Length: 3 hours (half day)
Intended Audience: This tutorial is intended for both researchers and practitioners from a variety of areas,
e.g., cancer research, health care, communication, business processes, and
databases, who are interested in integration of information (including several data
sets of the same type or data sets of distinct types) to filter noise in information and
applying machine learning and statistical methods to identify objects of interest, e.g.,
the true mutations in DNA of cancer patients.

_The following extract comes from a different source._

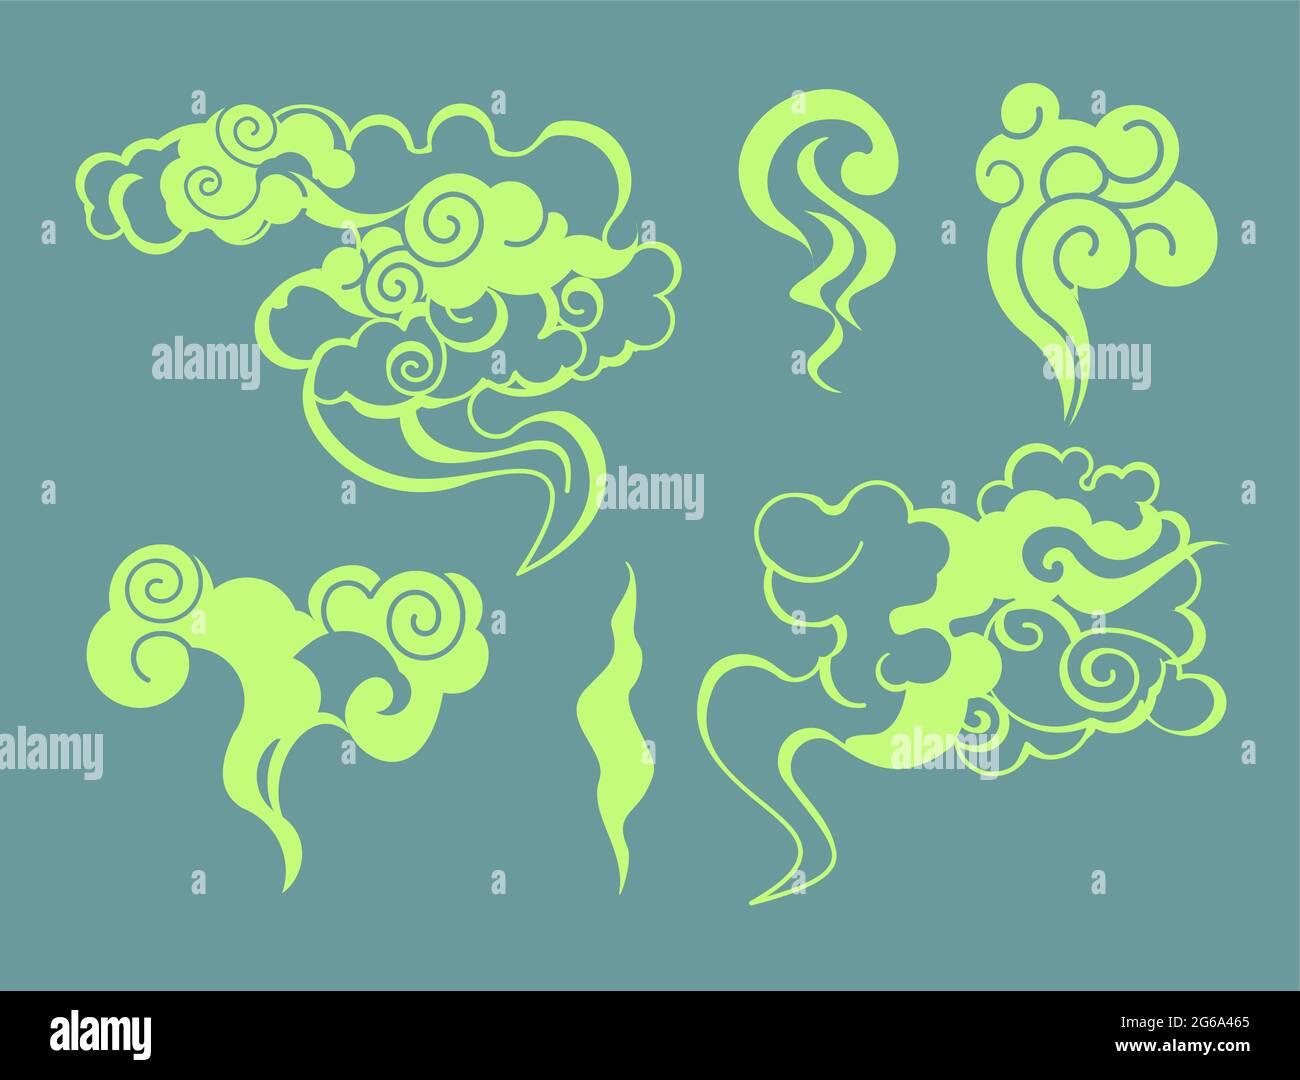 Illustrazione vettoriale del fumo di cartone animato, bolle di odore stinky, raccolta di flussi di aroma, colore verde tossico odore in stile piatto. Illustrazione Vettoriale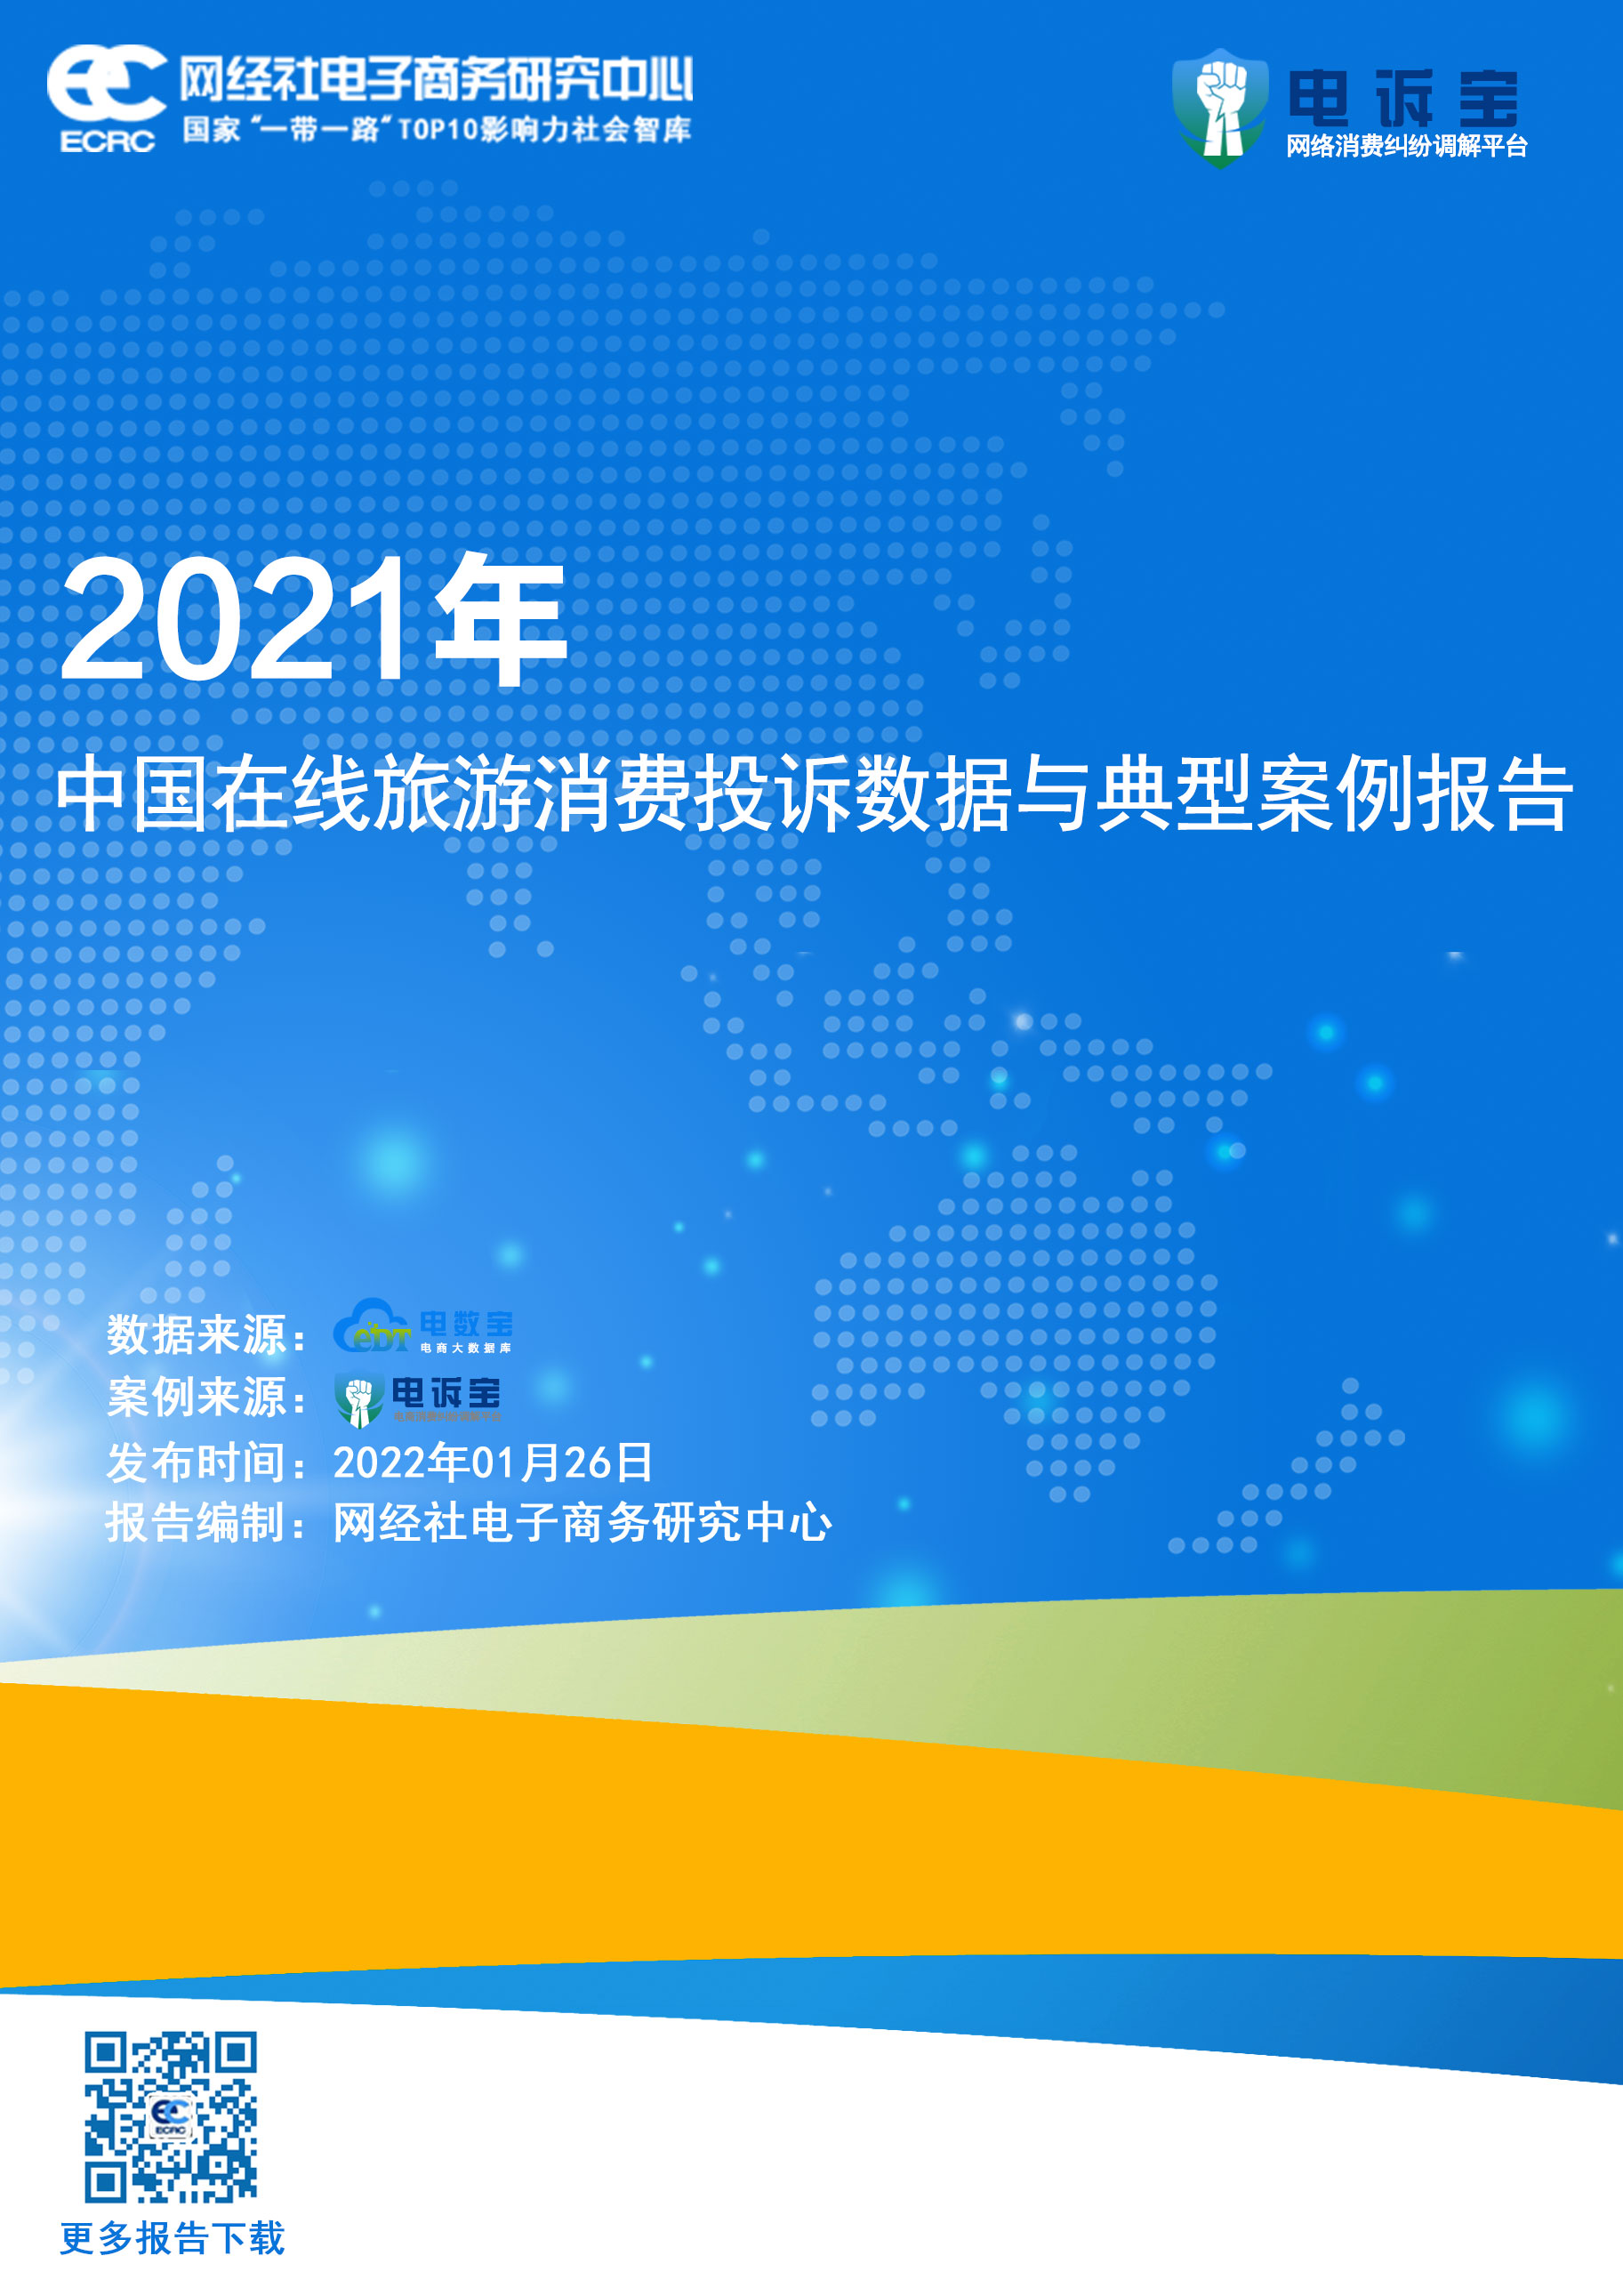 2021年度中国在线旅游消费投诉数据与典型案例报告(1).jpg

Description: Big data has tremendous potential to transform businesses and research but raises
significant challenges in pre-processing and extracting useful information and
information integration to identify objects of interest. In this tutorial, I will present
some statistical methods/machine learning for fusion and analysis of big data in
cancer research, e.g., DNA sequencing data, gene expression data (RNA-seq) from
The Cancer Genome Atlas (TCGA), protein expression and clinical features of
cancer patients. This tutorial aims to cover both useful statistical/data mining
methods and the cutting-edge directions.
Topics include the following: (1) integration of data sets to filter noise in the
information, (2) sampling of big data to reduce computational burden but retain
certain prediction accuracy, (3) applying machine learning/statistics to identify true
objects, e.g., true mutations in DNA sequencing data of cancer patients, and (4)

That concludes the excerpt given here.